= TO DO =
Take the data below and extract the lines from the one with "La NASA planea" to the one with "海外中国研究丛书合集——古代", inclusive, exactly as written.
START EXTRACTED ENTRIES
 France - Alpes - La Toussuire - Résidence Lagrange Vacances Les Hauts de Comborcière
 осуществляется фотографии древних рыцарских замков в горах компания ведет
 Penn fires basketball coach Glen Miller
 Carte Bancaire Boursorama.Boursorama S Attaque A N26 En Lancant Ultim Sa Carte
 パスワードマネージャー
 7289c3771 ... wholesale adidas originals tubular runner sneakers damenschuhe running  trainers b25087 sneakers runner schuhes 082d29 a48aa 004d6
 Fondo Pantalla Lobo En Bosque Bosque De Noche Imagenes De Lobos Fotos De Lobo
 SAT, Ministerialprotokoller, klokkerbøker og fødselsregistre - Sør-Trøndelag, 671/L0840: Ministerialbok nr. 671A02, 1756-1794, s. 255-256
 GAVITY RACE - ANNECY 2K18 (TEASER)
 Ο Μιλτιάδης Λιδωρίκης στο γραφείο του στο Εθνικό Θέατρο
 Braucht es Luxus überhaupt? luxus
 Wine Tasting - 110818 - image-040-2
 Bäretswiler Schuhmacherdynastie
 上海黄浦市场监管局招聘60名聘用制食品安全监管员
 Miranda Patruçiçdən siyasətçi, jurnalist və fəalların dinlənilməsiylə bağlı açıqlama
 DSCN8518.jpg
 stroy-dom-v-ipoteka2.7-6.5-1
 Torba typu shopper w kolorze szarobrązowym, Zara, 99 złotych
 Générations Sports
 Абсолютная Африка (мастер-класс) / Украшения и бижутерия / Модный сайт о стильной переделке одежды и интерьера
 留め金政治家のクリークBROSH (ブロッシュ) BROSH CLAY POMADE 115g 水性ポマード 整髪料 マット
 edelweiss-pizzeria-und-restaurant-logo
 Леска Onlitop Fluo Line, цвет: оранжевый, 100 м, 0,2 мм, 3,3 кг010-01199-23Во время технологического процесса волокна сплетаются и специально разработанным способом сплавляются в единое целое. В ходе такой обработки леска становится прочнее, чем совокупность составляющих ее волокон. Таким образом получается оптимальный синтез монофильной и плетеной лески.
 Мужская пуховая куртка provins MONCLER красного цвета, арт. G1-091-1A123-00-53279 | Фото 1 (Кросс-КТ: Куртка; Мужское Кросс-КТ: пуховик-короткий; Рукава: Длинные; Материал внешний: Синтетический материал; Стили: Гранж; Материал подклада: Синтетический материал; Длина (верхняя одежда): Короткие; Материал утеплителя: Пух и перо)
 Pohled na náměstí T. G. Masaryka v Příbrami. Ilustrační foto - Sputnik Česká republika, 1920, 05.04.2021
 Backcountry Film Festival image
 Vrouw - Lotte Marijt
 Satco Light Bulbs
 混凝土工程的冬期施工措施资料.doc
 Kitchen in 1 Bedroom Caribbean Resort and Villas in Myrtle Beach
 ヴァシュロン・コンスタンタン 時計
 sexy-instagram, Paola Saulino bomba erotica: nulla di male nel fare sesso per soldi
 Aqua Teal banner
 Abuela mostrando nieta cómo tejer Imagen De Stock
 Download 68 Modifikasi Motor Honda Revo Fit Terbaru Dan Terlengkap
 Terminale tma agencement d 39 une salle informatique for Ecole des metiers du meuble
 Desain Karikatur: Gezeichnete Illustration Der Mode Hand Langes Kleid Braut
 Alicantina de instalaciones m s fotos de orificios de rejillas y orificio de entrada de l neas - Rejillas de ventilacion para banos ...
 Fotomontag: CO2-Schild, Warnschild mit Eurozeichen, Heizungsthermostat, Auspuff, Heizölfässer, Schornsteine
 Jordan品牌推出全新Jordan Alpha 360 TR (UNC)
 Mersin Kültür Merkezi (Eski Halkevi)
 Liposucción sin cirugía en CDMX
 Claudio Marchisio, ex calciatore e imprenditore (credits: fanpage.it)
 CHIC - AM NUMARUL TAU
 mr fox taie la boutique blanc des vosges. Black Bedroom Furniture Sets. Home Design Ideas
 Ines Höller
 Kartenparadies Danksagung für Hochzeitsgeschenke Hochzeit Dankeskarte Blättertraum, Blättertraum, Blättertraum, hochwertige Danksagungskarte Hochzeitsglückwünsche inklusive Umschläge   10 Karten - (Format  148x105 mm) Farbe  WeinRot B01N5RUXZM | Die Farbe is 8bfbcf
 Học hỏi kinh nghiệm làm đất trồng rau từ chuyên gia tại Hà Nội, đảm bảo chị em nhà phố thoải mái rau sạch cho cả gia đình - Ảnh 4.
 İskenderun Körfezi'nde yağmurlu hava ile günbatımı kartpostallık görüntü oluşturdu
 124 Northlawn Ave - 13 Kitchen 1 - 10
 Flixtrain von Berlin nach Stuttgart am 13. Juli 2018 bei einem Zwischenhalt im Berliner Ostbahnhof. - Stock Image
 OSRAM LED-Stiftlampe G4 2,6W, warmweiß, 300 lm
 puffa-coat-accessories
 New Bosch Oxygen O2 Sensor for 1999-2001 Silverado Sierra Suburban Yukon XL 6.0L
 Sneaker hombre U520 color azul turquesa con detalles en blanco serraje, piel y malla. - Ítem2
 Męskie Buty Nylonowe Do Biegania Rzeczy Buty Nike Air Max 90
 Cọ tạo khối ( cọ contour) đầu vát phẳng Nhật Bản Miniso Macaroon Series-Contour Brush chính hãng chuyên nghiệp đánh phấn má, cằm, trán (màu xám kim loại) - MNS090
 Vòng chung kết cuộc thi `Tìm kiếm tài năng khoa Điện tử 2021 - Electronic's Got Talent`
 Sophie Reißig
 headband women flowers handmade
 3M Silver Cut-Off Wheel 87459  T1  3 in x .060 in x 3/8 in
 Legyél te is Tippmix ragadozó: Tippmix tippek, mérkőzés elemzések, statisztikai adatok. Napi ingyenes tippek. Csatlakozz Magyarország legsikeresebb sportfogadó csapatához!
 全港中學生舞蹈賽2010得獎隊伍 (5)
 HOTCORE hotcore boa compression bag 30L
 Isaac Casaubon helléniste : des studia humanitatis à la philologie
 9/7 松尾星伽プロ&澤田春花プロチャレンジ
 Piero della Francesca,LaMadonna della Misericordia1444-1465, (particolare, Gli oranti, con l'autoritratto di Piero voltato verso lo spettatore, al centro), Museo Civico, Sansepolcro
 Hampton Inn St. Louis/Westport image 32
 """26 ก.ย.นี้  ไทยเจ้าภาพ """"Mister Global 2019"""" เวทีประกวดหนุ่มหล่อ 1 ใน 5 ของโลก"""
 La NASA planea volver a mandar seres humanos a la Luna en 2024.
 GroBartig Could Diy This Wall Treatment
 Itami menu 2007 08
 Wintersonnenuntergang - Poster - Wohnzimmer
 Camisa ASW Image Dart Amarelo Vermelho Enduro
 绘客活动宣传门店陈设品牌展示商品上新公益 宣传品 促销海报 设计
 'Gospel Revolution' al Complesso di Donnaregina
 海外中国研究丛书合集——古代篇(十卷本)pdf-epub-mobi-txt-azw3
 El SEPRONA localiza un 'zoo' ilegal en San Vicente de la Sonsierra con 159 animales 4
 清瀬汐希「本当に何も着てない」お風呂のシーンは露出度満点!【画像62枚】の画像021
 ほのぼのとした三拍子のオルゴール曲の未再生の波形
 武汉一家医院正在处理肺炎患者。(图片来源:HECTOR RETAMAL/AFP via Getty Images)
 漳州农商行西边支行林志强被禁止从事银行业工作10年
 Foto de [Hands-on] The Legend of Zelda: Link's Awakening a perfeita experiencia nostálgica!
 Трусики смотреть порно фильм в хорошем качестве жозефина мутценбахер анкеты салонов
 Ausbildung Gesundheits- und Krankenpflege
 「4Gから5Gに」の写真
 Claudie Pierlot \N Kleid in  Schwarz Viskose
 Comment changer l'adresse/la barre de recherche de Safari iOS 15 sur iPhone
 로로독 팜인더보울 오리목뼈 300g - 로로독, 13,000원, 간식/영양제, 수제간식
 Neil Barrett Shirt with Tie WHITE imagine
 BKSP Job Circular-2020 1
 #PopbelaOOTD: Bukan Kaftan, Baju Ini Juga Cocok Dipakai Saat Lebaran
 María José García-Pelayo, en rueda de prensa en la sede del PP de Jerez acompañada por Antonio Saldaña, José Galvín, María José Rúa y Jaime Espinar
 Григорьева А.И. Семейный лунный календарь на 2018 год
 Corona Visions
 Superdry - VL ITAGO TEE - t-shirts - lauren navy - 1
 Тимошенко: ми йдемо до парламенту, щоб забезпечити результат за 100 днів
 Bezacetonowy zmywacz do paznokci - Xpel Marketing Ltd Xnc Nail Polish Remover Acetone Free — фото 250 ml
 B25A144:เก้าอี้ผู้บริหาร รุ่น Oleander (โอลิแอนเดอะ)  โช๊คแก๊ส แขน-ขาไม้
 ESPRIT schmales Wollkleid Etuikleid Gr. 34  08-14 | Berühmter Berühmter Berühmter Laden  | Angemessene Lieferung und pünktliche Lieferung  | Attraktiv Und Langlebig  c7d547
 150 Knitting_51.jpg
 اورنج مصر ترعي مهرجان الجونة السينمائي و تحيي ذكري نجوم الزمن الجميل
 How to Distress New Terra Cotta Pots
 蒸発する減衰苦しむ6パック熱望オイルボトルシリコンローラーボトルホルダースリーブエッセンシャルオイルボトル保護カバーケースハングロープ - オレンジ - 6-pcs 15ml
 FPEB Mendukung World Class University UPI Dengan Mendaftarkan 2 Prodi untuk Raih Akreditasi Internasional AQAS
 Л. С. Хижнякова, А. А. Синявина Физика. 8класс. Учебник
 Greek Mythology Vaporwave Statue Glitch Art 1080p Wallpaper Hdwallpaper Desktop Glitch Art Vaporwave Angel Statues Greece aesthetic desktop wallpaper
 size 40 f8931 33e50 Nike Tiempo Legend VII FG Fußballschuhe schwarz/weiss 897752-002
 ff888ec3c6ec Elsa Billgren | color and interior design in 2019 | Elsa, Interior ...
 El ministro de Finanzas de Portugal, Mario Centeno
END EXTRACTED ENTRIES
= COMPLETED EXERCISE =
 La NASA planea volver a mandar seres humanos a la Luna en 2024.
 GroBartig Could Diy This Wall Treatment
 Itami menu 2007 08
 Wintersonnenuntergang - Poster - Wohnzimmer
 Camisa ASW Image Dart Amarelo Vermelho Enduro
 绘客活动宣传门店陈设品牌展示商品上新公益 宣传品 促销海报 设计
 'Gospel Revolution' al Complesso di Donnaregina
 海外中国研究丛书合集——古代篇(十卷本)pdf-epub-mobi-txt-azw3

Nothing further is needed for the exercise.